I have a Gateway - Node application using the LoRa module but I don't know whether to choose the LoRa module to interface UART or SPI.
Can someone help me distinguish the difference when using these two types? Example: when I have 5 Nodes connected to Gatewway, which one should I use? and same when I have 50 Nodes.
Thanks!
A UART converts the signals to RS232 signaling(NOT VOLTAGES, You will need an additional adapter chip like the FTDI 232H) to hook up to a serial port on a computer. Speeds are usually limited to less than 400 Kilobits per second(varies based on distance and devices)

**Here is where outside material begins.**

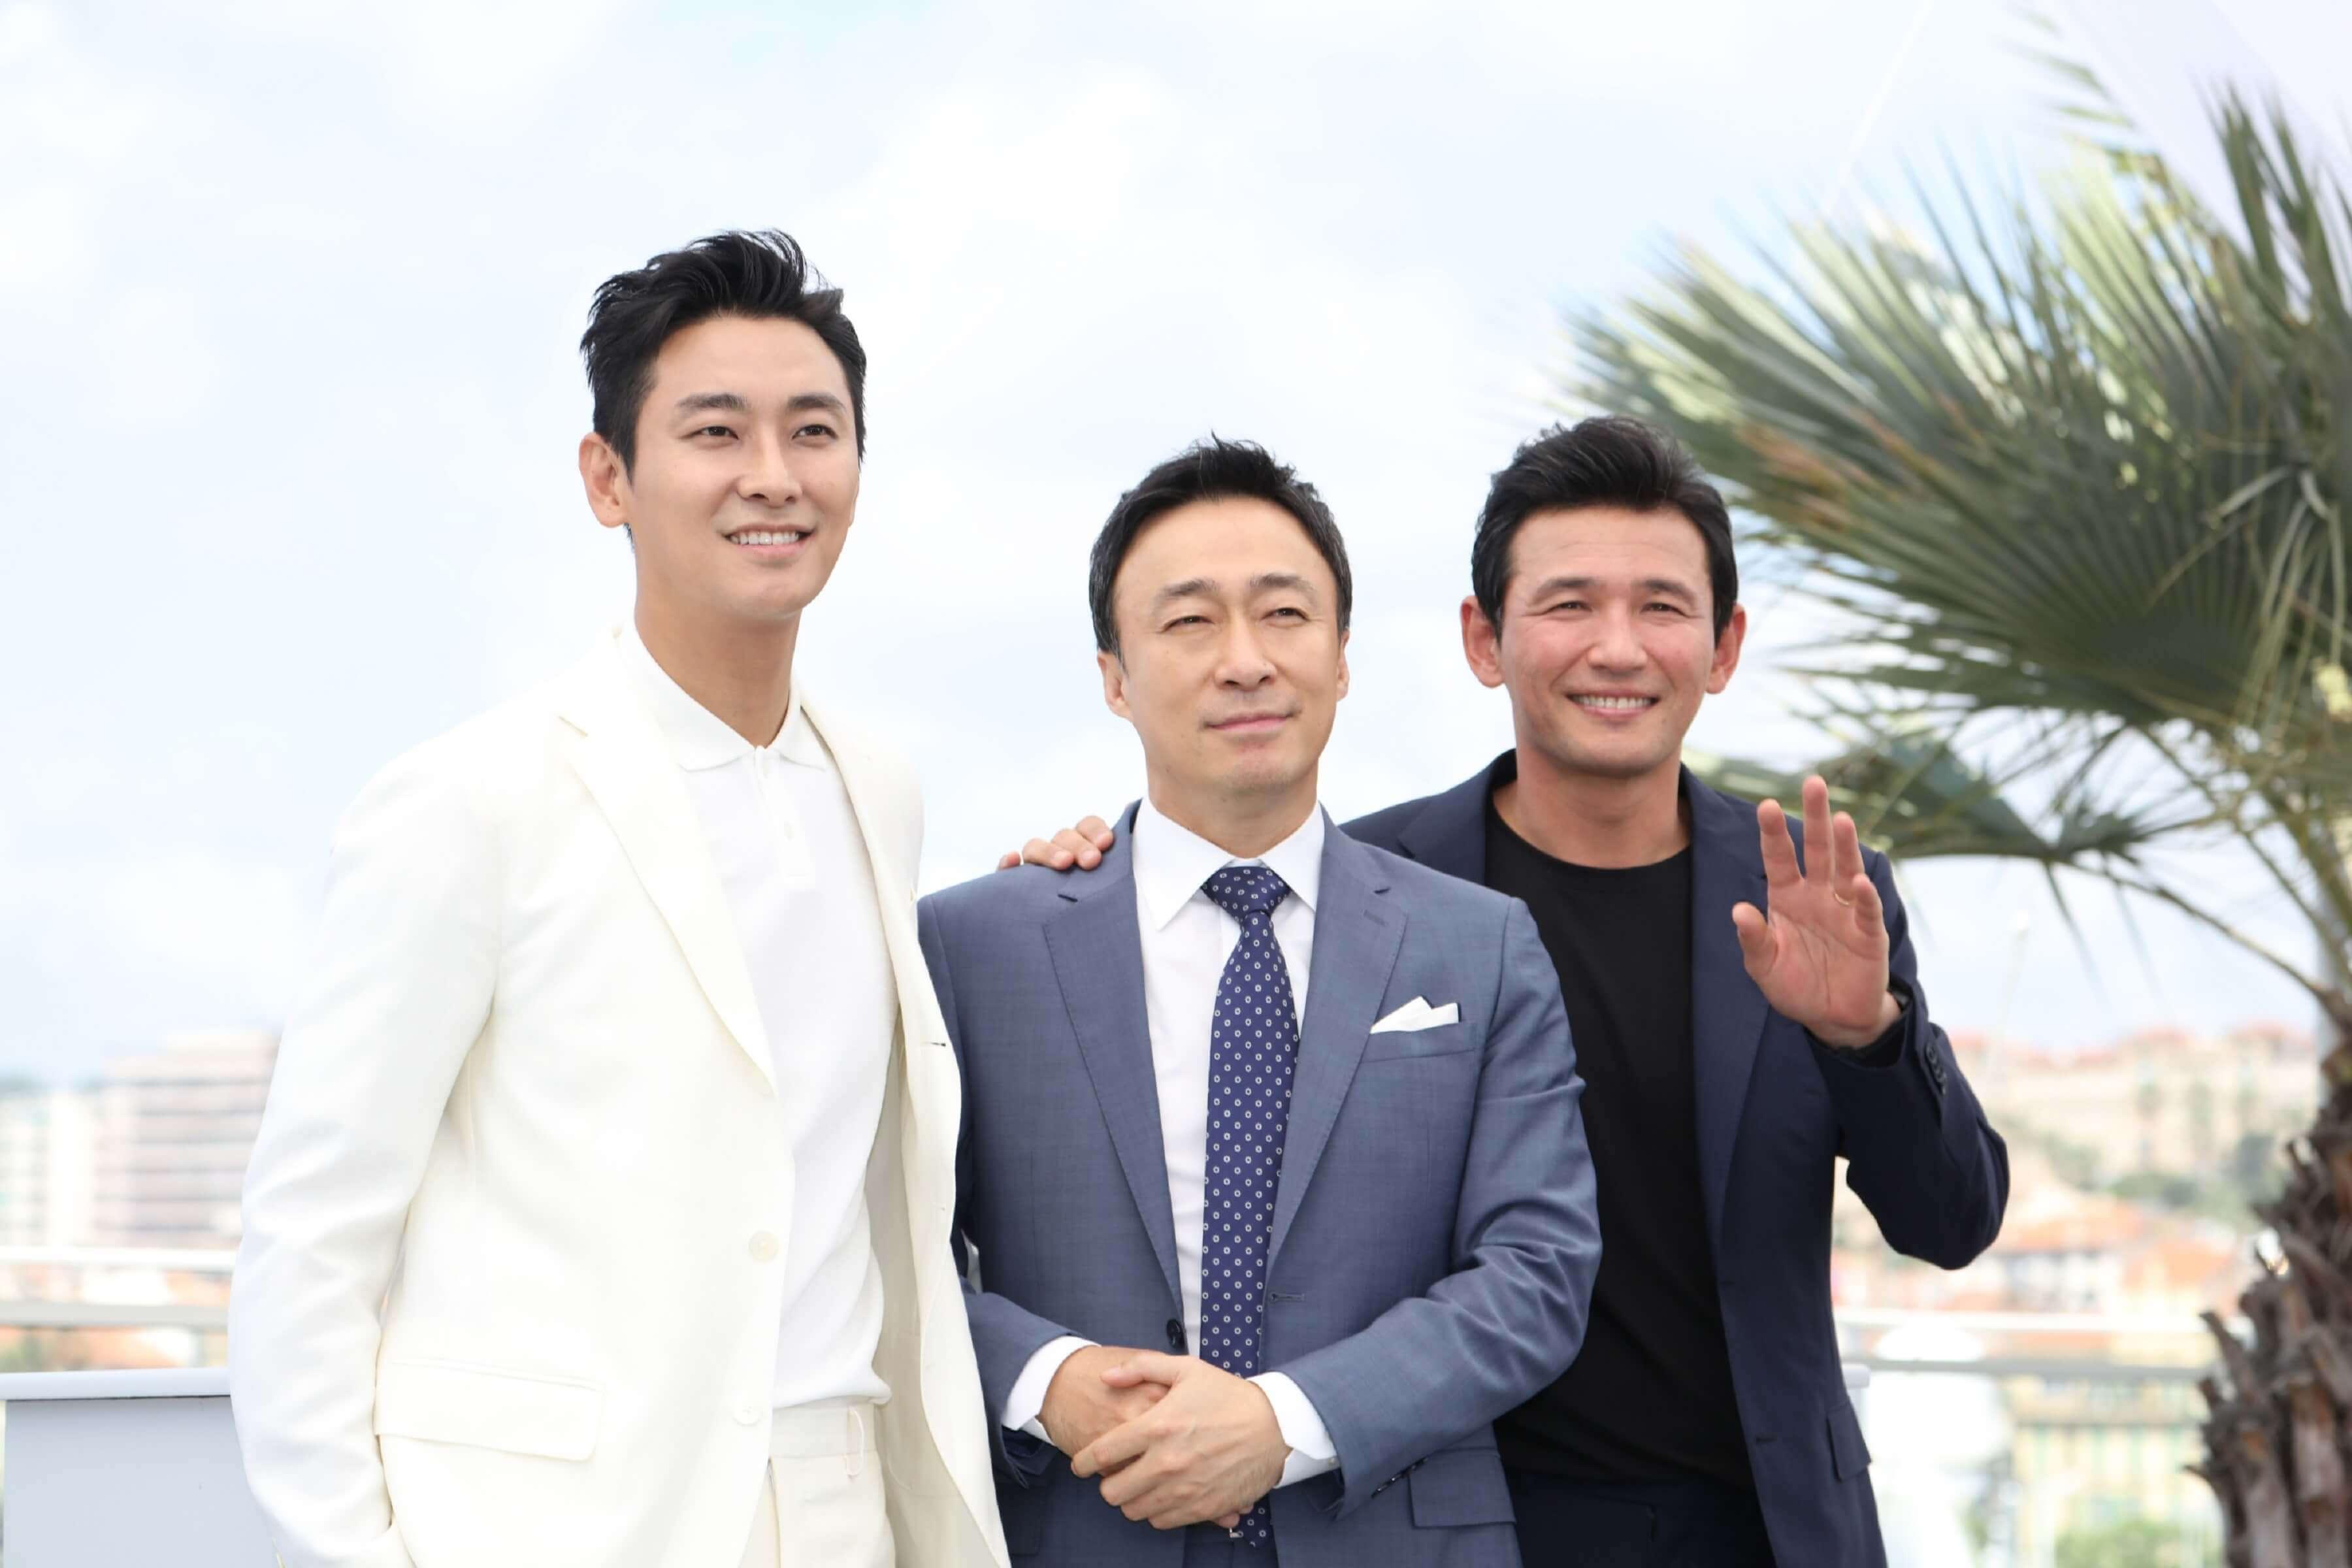 南北韓 諜戰片 《 北風 》日前於 坎城 首映,主演演員 : 朱智勳 李聖旻 黃晸玟 合影。

If you are connecting multiple devices to the same micro-controller(Arduino), use SPI. The connection speeds are not limited by standards. It is a bus arrangement with 4 pins (clock SCLK, input MISO, output MOSI and Slave select SS) The SCLK, MISO, MOSI are connected to all devices.To chain additional devices it requires an additional SS pin per device.
SPI is going to be faster(several (<5?)Megabits per second is not uncommon (depends on length(not greater than .3 meters), wire quality, environmental noise and device specifications) and requires less discrete components.
Since LoRa speeds max out around 300kbps, a single SPI connected gateway could theoretically handle 15 LoRa transceivers on a single gateway.
Doing 15 devices may violate local RF duty cycle restrictions resulting in fines and/or imprisonment.
Please check with your regulatory institutions prior to implementation of any solution.
I would suggest using four transceivers with external antennas each pointing in a different cardinal direction(possibly offset) at each gateway. This configuration should permit 400+(depending on usage patterns) client devices per gateway.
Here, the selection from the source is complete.